Figure 3 shows the configuration of the electromagnetic proportional control valve, Figure 3 shows the specific temperature control circuit, Figure 4 shows the relationship between the coil current and control gas flow rate, and Figure 5 shows the relationship between the resistance value of the temperature sensing element and the coil current.

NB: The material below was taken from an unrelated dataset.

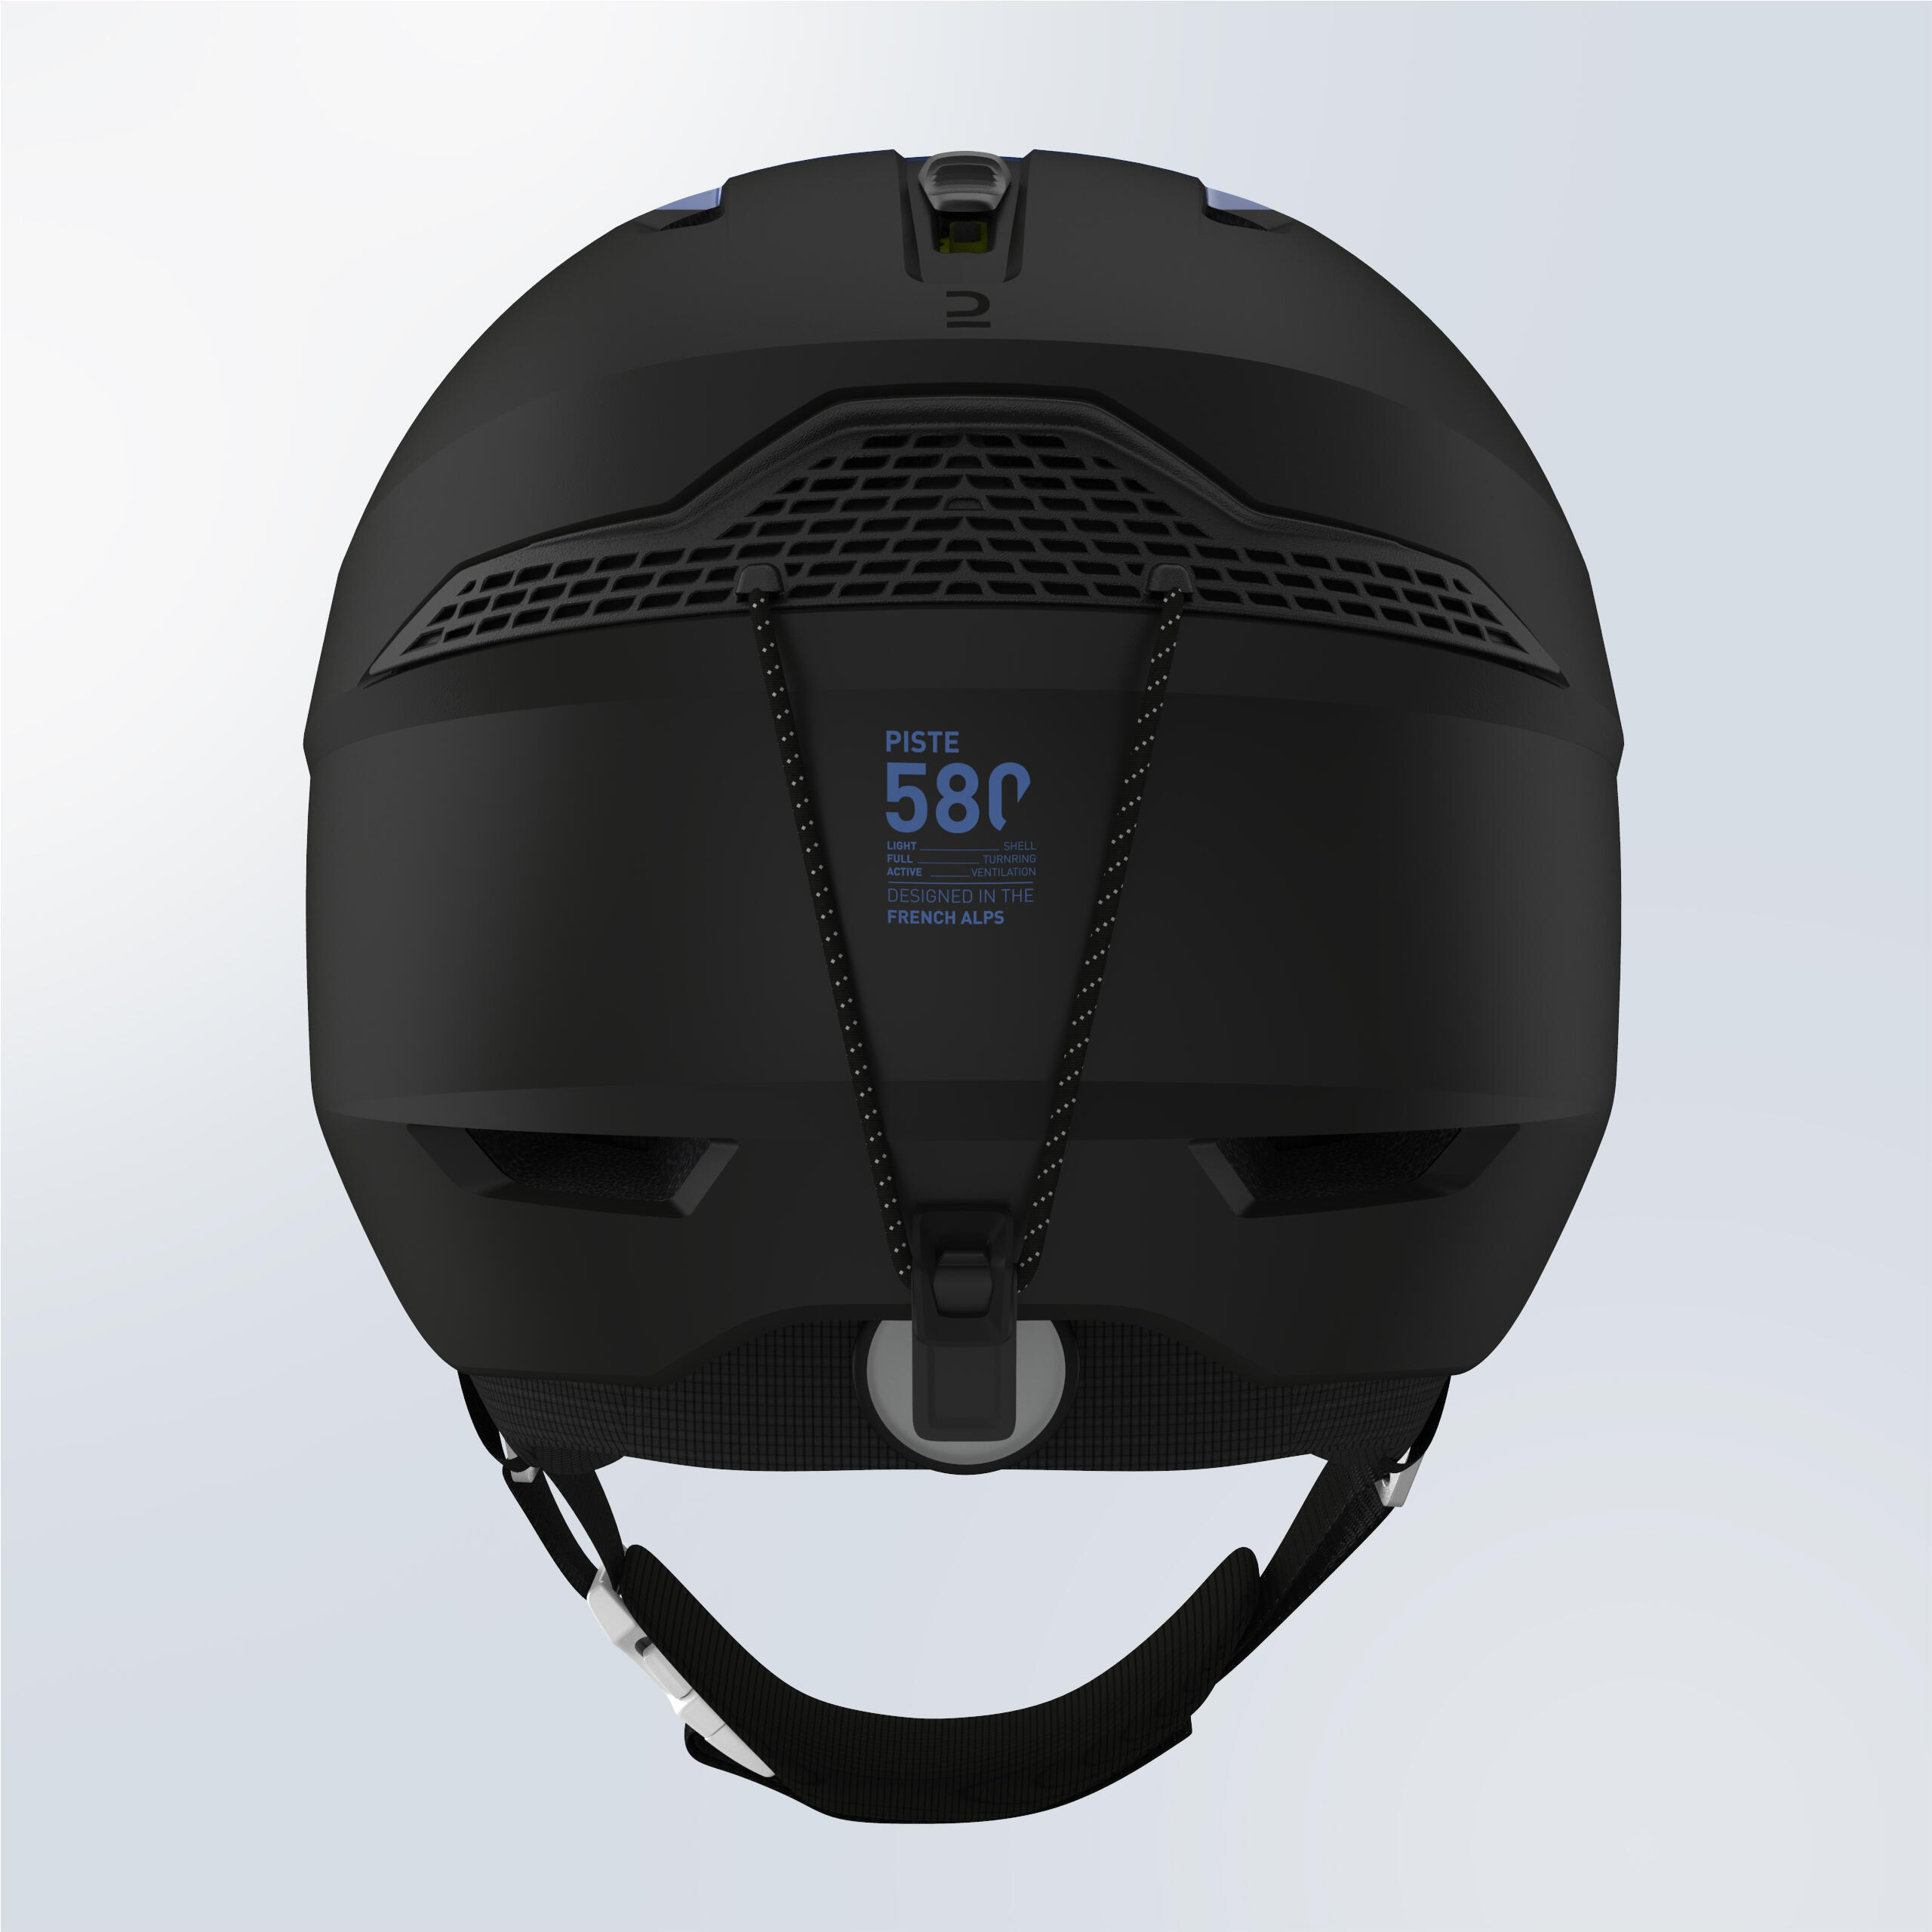 Adult ski helmet - PST 580 - Blue and black 6/7

FIG. 6 is a temperature control circuit diagram showing one embodiment of the present invention, and FIGS. 7 and 8 are temperature control circuit diagrams showing other embodiments. 2... Temperature sensing element, 4... Gas control valve, 7... Electromagnetic proportional control valve, 14... Coil, 17... Valve, 25
... Signal transistor, 23.26 ... Collector and emitter resistance, 27 ... Valve drive transistor, 28 ... Emitter resistance, 32 ... Constant voltage diode, 33° 34 ... Series resistance , 35...diode, 36... transistor.

Claims (1)

[Scope of Claims] 1. In a temperature control circuit using a temperature sensing element that detects the temperature of a heated limb part and an electromagnetic valve that controls the amount of combustion based on a signal from the element, the maximum current flowing through the coil of the valve is 1. A temperature control circuit comprising: a circuit that limits current to a certain value greater than a coil current value that supplies the maximum rated combustion amount of a combustor, and prevents a coil current exceeding the certain value from flowing. 2 A transistor for driving a solenoid valve and another signal transistor as a signal source for the valve driving transistor, and an output side emitter resistance and a collector resistance of the signal transistor, and an output side emitter resistance and a collector resistance of the valve driving transistor. 2. The temperature control circuit according to claim 1, wherein a maximum coil current of said valve is limited by an emitter resistor. 3. It has a transistor that drives a solenoid valve, and a constant voltage diode provided in the signal source of the valve driving transistor, and the diode suppresses input or output fluctuations to a certain value to limit the maximum coil current of the valve. A temperature control circuit according to claim 1, characterized in that the temperature control circuit is configured as follows. 4 A transistor that drives a solenoid valve, two series resistors connected in parallel with the power supply provided in the signal source of the valve drive transistor, and a diode or pace connected to a cand at the midpoint of the two resistors. claim 1, wherein the clipper circuit is configured to suppress input or output fluctuations to a certain value to limit the maximum coil current of the valve. Temperature control circuit as described.